According to the Pilates Foundation, when selecting an instructor, be sure to ask some valuable questions before purchasing sessions. Because there are a variety of “certifying bodies” out there, it is very important that you ask about the instructor’s credentials, how long he’s been teaching and how extensive his training was. There are many people who decide to become certified Pilates instructors and do so online or through a weekend certification course. As Page mentions, the nuances and subtleties of the method require a keen eye and the ability to modify, if needed, and weekend or online courses cannot properly educate potential instructors completely. This lack of education can lead to poor results, a negative experience and even injury. Search out an instructor who has undergone rigorous training from organizations such as, but not limited to, Balanced Body (www.pilates.com), STOTT PILATES (www.stottpilates.com) or the Pilates Method Alliance (www.pilatesmethodalliance.org). Each organization offers a database of instructors to make locating one in your area a more time-efficient process. It is also wise to select an instructor who is capable of working with you should you have a back injury, chronic illness or other special consideration.
Get equipped.
Many private studios also offer equipment. “Because of its stability and height of the bed, the Cadillac is also very useful for people who lack stability and strength, yet it also allows hanging exercises which are more challenging and fun!” says Page.
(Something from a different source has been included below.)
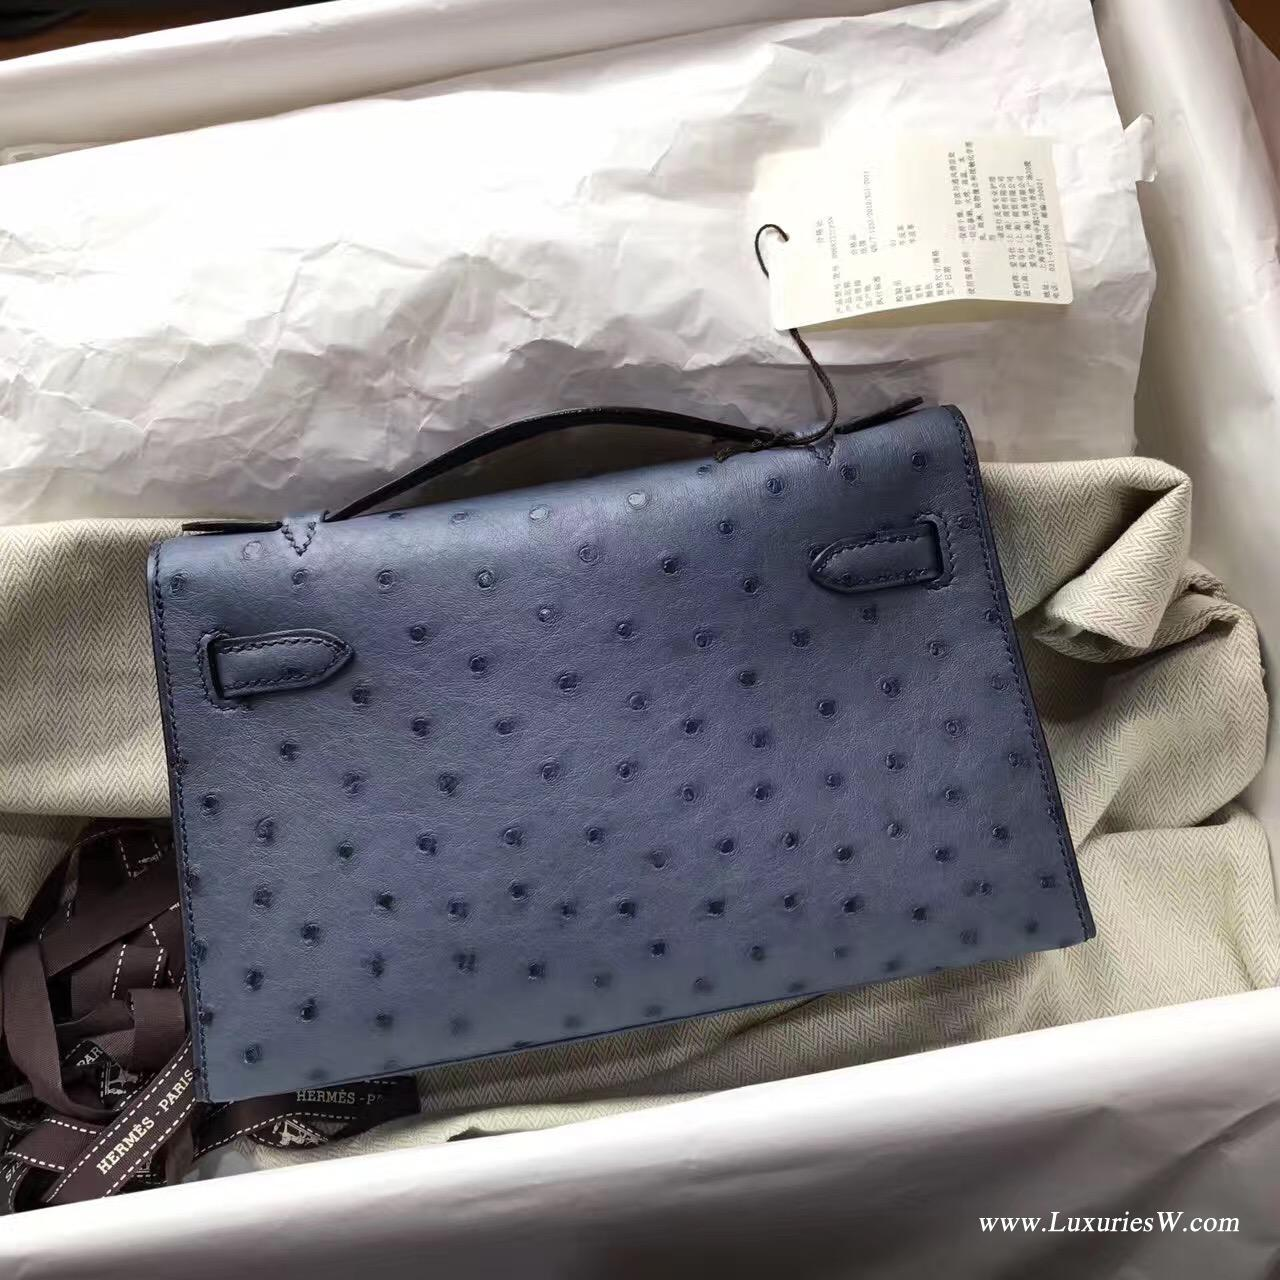 Hermes凯莉包Mini kelly宴会手包ck73 Blue Saphir宝石蓝 气质蓝色
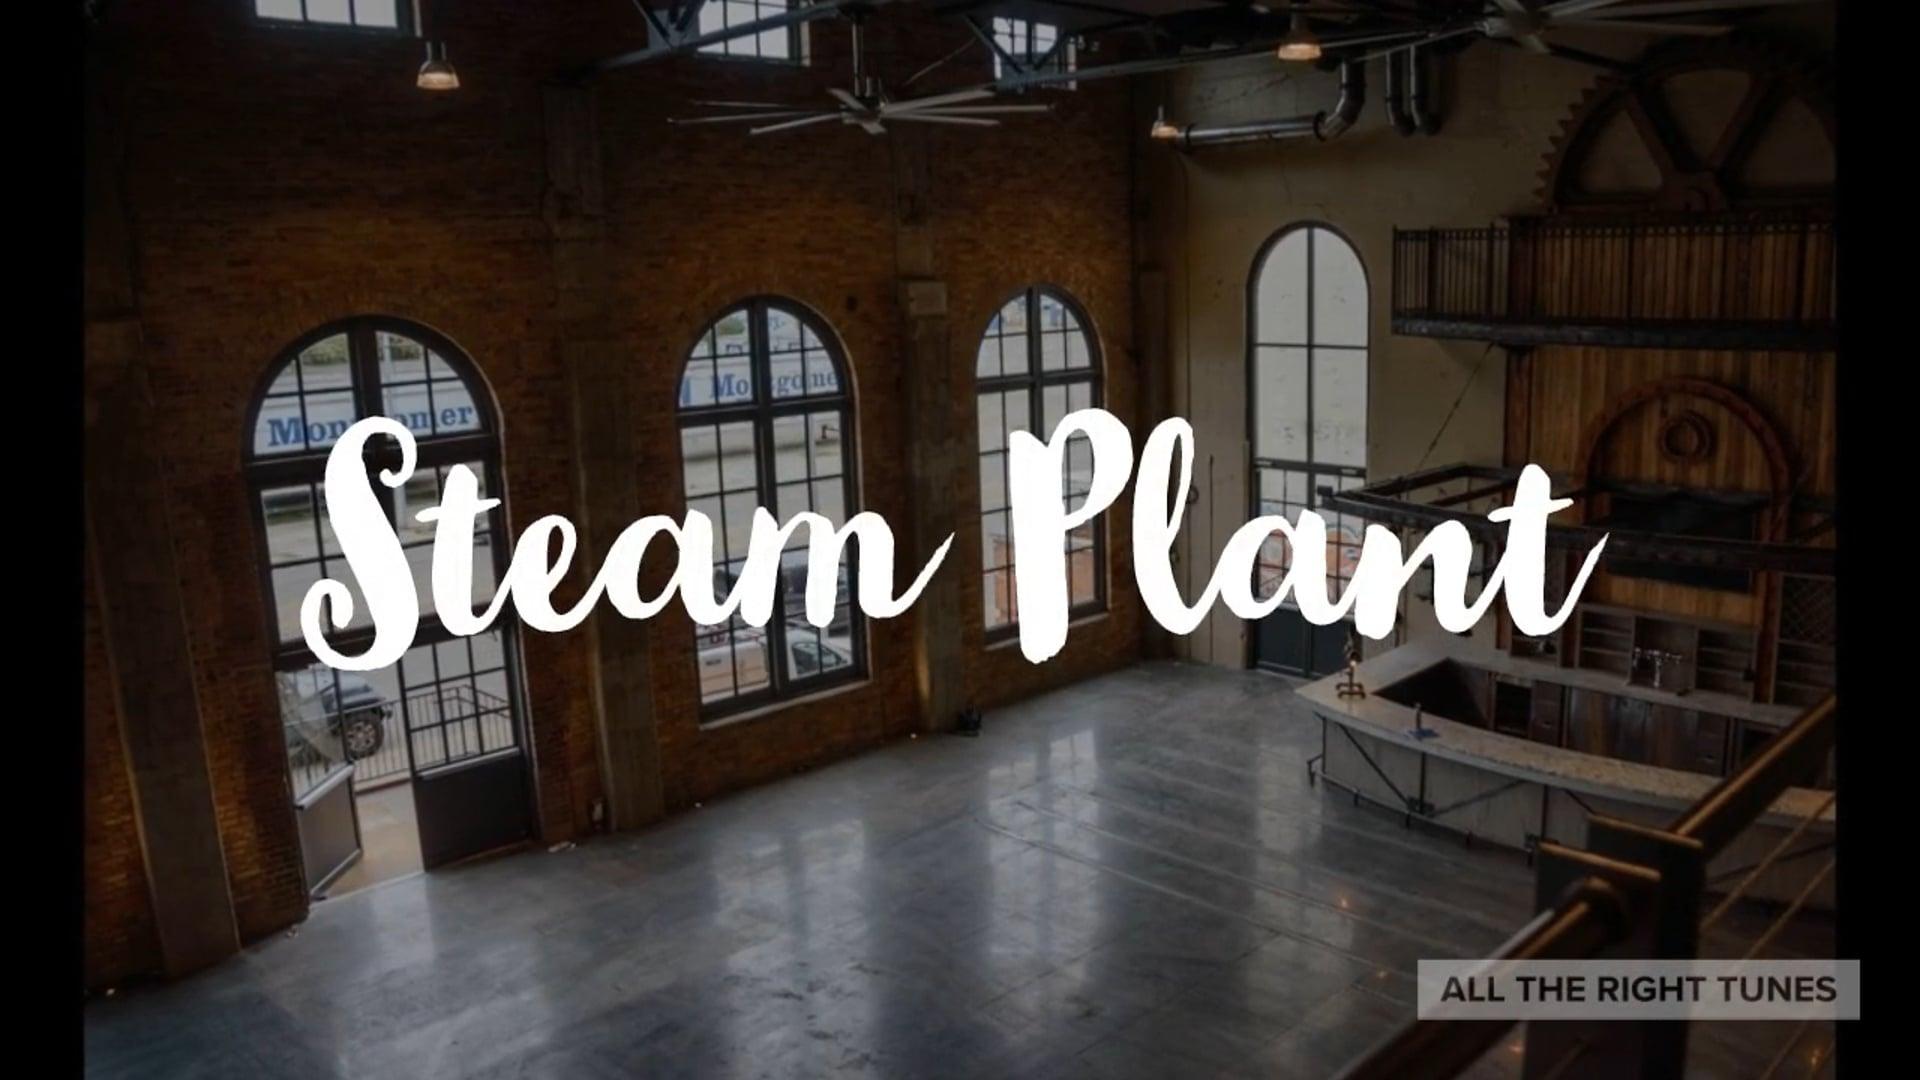 Quick Looks! Dayton Steam Plant

Perhaps the most recognizable piece of equipment, the Reformer is hugely popular due to its smaller size. “It is also extremely versatile, offering exercises for the beginner and challenging those advanced students,” she adds. And finally, the Wunda chair is another option for enthusiasts. “While the chair looks unassuming, it can be very unforgiving, yet functional for most exercises.” Page believes that the Wunda chair is a great option for larger persons or women who are pregnant as similar exercises performed on the mat or other pieces of equipment may prove too difficult.
Whether you’re looking for an alternative to traditional strength training, or a supplement to your current routine, Pilates can offer many benefits that go far beyond strong, pliable muscles and a more sleek-looking physique. Not just for celebrities, supermodels and elite athletes, Pilates is widely available and is suited for persons of all shapes, backgrounds, interests and abilities. If you’ve not yet given Pilates a try, now may be the right time. Just like so many others, you might even go back for more!